# Location Scouting



## JoeKerslake (Mar 25, 2015)

As a fairly new photographer, the one thing I've struggled with, is being inspired by my surroundings which isn't ideal when you love landscape photography. I do probably need to get out further. But I want to know your tips for where to go.

Do you just get in your car and drive?

Do you pick a spot and go there?

Do you sit on google earth trying to find somewhere that looks interest?


----------



## Maximilian (Mar 25, 2015)

JoeKerslake said:


> As a fairly new photographer, the one thing I've struggled with, is being inspired by my surroundings which isn't ideal when you love landscape photography. I do probably need to get out further. But I want to know your tips for where to go.
> 
> Do you just get in your car and drive?
> 
> ...


Hi Joe!

There are always different styles to approach the same topic, e.g. landscape. 
If you are not inspired with your surroundings there might be some reasons:
1. It might be really bad. Landscape in downtown might be challenging 
2. It might be just not that easy to access, not that easy to see. 

If 1 is your problem, you'll probably have to travel some meters to get what is inspiring you. 
If you are just not sure and 2 is your situation, try something different. 
Landscape can also mean to get down on your knees and see a "landscape" in one square meter area. 
Try different angles, try to break out of the classical idea, to climb up a mountain or be at the sea shore at sunrise. There is always a nice, small diorama that you can arrange as "landscape".

If that is not fulfilling your idea of landscape then you'll have to do some real location scouting. But that means having an idea of a picture, finding the right location, finding the right light and the right time of day for that and then be there, when all fits together. Challenging! 

I am more the kind of guy that's walking around with an open eye and trying to imagine if the actual location might look better at a different time and light setting. And if I realize such an occasion I memorize it and come back in time.

Hope tat helps.


----------



## AcutancePhotography (Mar 25, 2015)

Going on sites like Flickr and seeing what/where others are shooting can be helpful. 

Sadly wheretheprosshoot.com seems to be dead, but there are other such sites out there

Viewfinder.com and, depending on your location http://www.freephotoguides.com/ can be useful. Currently there is not much on freephotoguides but it is growing. 

But I find that, in my location, using Google Earth can help me find interesting roads that I would not normally find that work out well.
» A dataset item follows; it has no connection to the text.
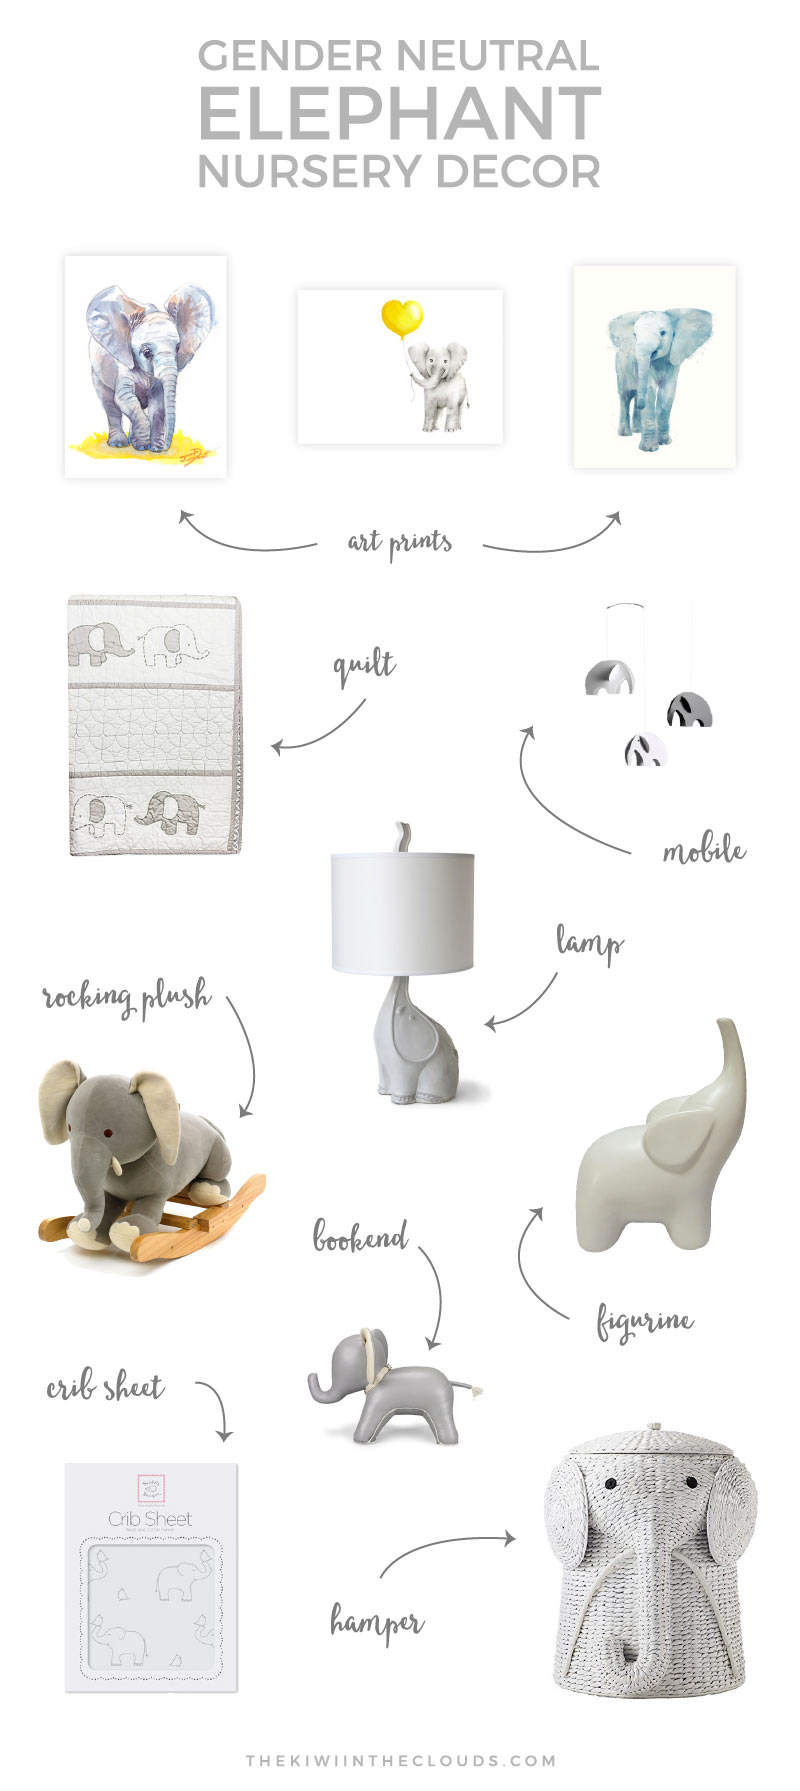 If you're planning a neutral elephant themed nursery for baby, then you'll want to check out this collection of the cutest elephant nursery decor items.

That and flickr seem to be the best for me.

Good luck to you!


----------



## neuroanatomist (Mar 25, 2015)

After you've found a general location, The Photographers Ephemeris is an invaluable tool for planning the specifics.


----------



## jwilbern (Mar 25, 2015)

Many of my favorite photographs are of scenes that I have spotted from my bicycle, both road and off-road. With the bicycle you can cover a lot more ground that you can on foot, and you will notice many things that you would miss from the car.


----------



## mackguyver (Mar 25, 2015)

I usually start by searching 500px and Flickr for photos of the area as these two sites seem to have better photos than most. From there, I'll check out Google Earth to see where these photos were taken and look at the Panoramio shots on Earth as well. I'll then plan a shoot around that, but will keep my expectations low the first time. I'll do my scouting and shooting on that first trip and then return with a better plan. I also use The Photographers Ephemeris to plan so I'll know the ideal time and direction of the light.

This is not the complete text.